Batman, Mardin, Halfeti ve Esenyurt gibi yerlerde gerçekleşen kayyum atamaları, son olarak DEM Parti'nin Tunceli ve CHP'nin Ovacık belediyelerine de kayyum atanmasıyla gündemdeki yerini koruyor. Bu uygulamalar, muhalefet ve sivil toplum örgütlerinin tepkilerine neden oluyor.
Türkiye Devrimci İşçi Sendikaları Konfederasyonu (DİSK), Kamu Emekçileri Sendikaları Konfederasyonu (KESK), Türk Mühendis ve Mimar Odaları Birliği (TMMOB) ve Türk Tabipleri Birliği (TTB) yaptıkları ortak açıklamayla duruma sert tepki gösterdi.
"Halkın iradesine darbe"
Ortak açıklamada, kayyum atamalarının sadece belediye başkanlarının görevden alınmasıyla sınırlı kalmadığı, aynı zamanda belediye meclislerinin de devre dışı bırakıldığı belirtilerek şu ifadeler kullanıldı:
"Siyasi iktidar, sandıkla gelenin sandıkla gitmeyeceği bir düzeni kalıcı hale getiriyor.

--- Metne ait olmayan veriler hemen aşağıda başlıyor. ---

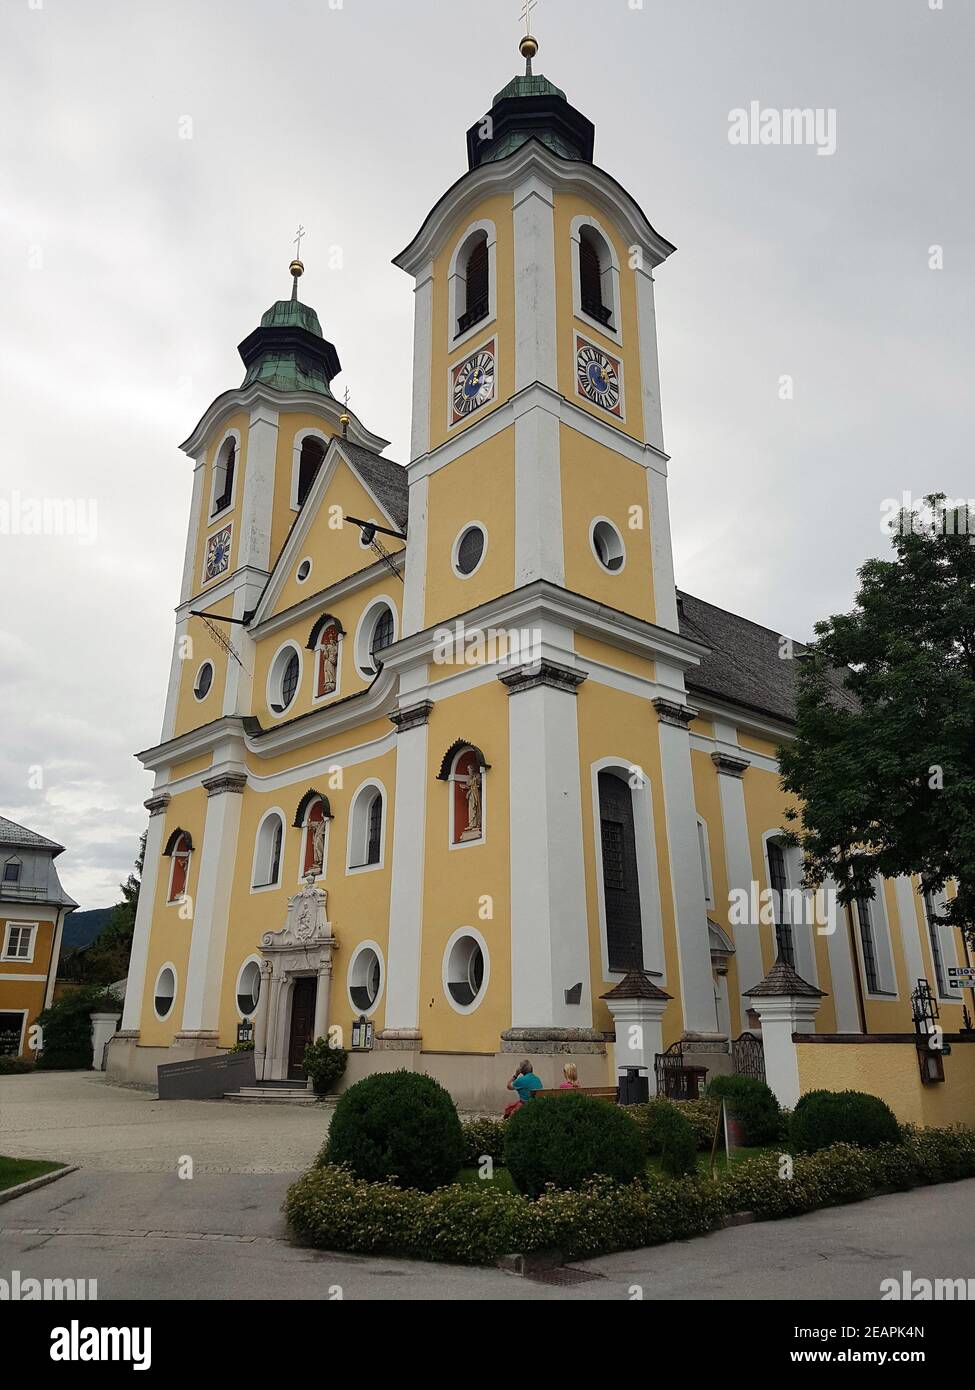 Barrokkirche, Saint Johann, Tirol, Oesterreich Banque D'Images

Bu süreç, halkın iradesine açık bir darbe niteliği taşımaktadır."
Açıklamada, Anayasa ve Türkiye’nin taraf olduğu uluslararası sözleşmelerin hiçe sayıldığı vurgulanarak, bu durumun hiçbir hukuki gerekçesinin olmadığı, tamamen siyasi bir operasyon olduğu belirtildi.
"Demokratik haklar yok ediliyor"
Açıklamada, siyasal iktidarın "demokratik hakları birer birer ortadan kaldırdığı" ifade edilerek, kayyum atamalarının iktidarın seçim sonuçlarını tanımadığının açık bir göstergesi olduğu savunuldu:
"Artık kazanamadıkları seçimlerin sandık sonuçlarını tanımayacaklarını bu antidemokratik uygulamalarıyla ilan etmektedirler. Bu anlayış, demokrasiyi ve halkın seçme-seçilme hakkını ayaklar altına almaktadır."

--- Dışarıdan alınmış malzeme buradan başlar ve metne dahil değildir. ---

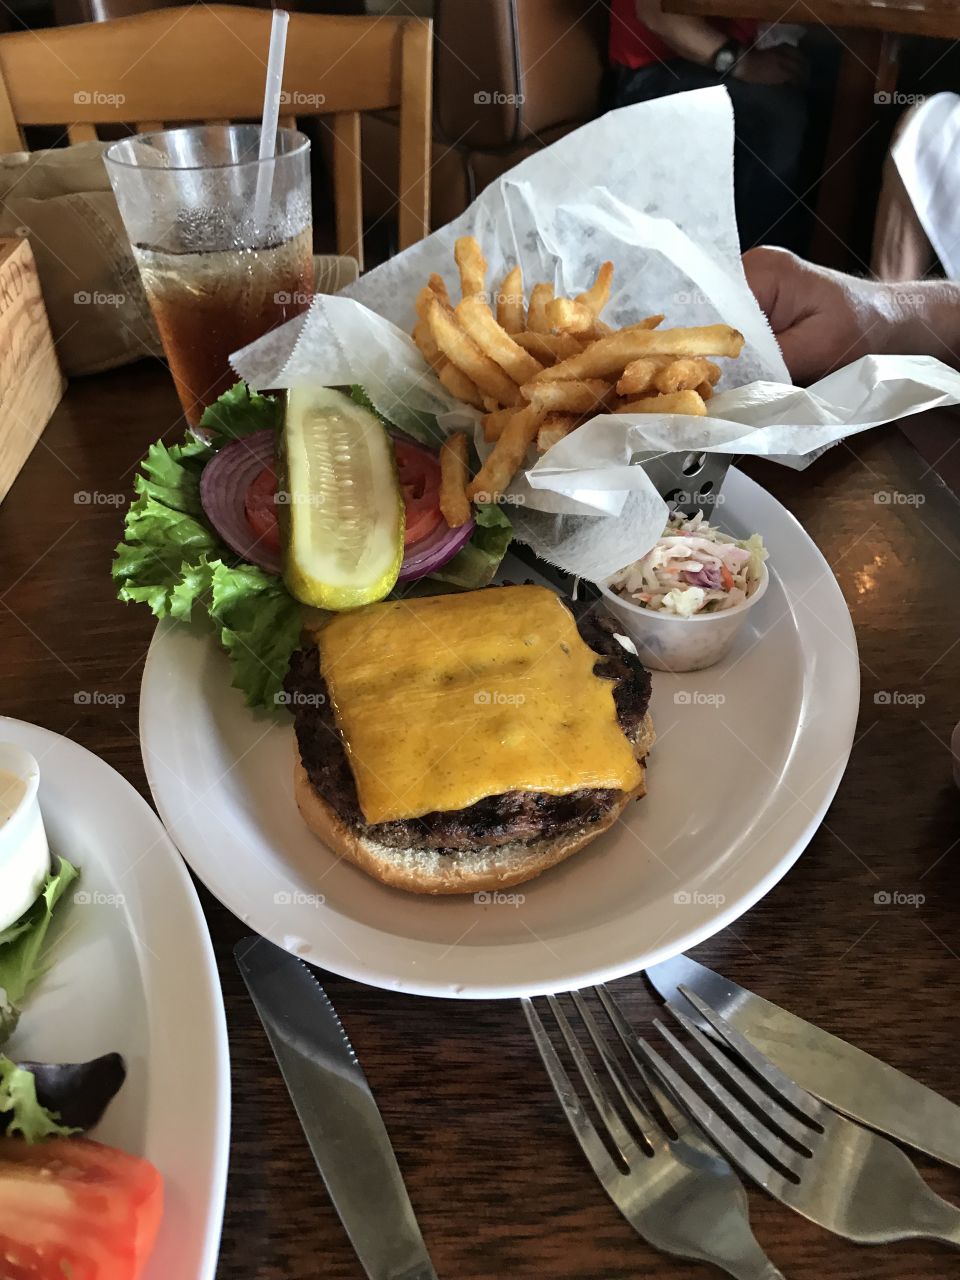 Look at the big cheeseburger and yummy!

"Tüm yurttaşlara sorumluluk düşüyor"
Sivil toplum örgütleri, bu karanlık döneme karşı mücadele edilmesi gerektiğini belirtti. Açıklama, şu çağrıyla sona erdi:
"Demokrasi ve cumhuriyetin temellerinden biri olan seçme ve seçilme hakkını savunmak, bu tehlikeli anlayışa karşı durmak her yurttaşın görevidir. Hep birlikte halkın iradesine sahip çıkmalı ve bu karanlık döneme son vermeliyiz."

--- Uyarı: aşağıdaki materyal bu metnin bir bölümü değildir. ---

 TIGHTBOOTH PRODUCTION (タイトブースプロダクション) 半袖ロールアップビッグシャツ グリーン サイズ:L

Kayyum atamaları tartışma yaratmaya devam ediyor
Kayyum politikaları, yerel yönetimlerde halkın iradesine müdahale olarak değerlendirilirken, uygulamaların hukuki dayanakları ve demokratik meşruiyeti sorgulanmaya devam ediyor. Muhalefet ve sivil toplum örgütleri, bu uygulamalara karşı daha geniş çaplı bir dayanışma çağrısında bulunuyor.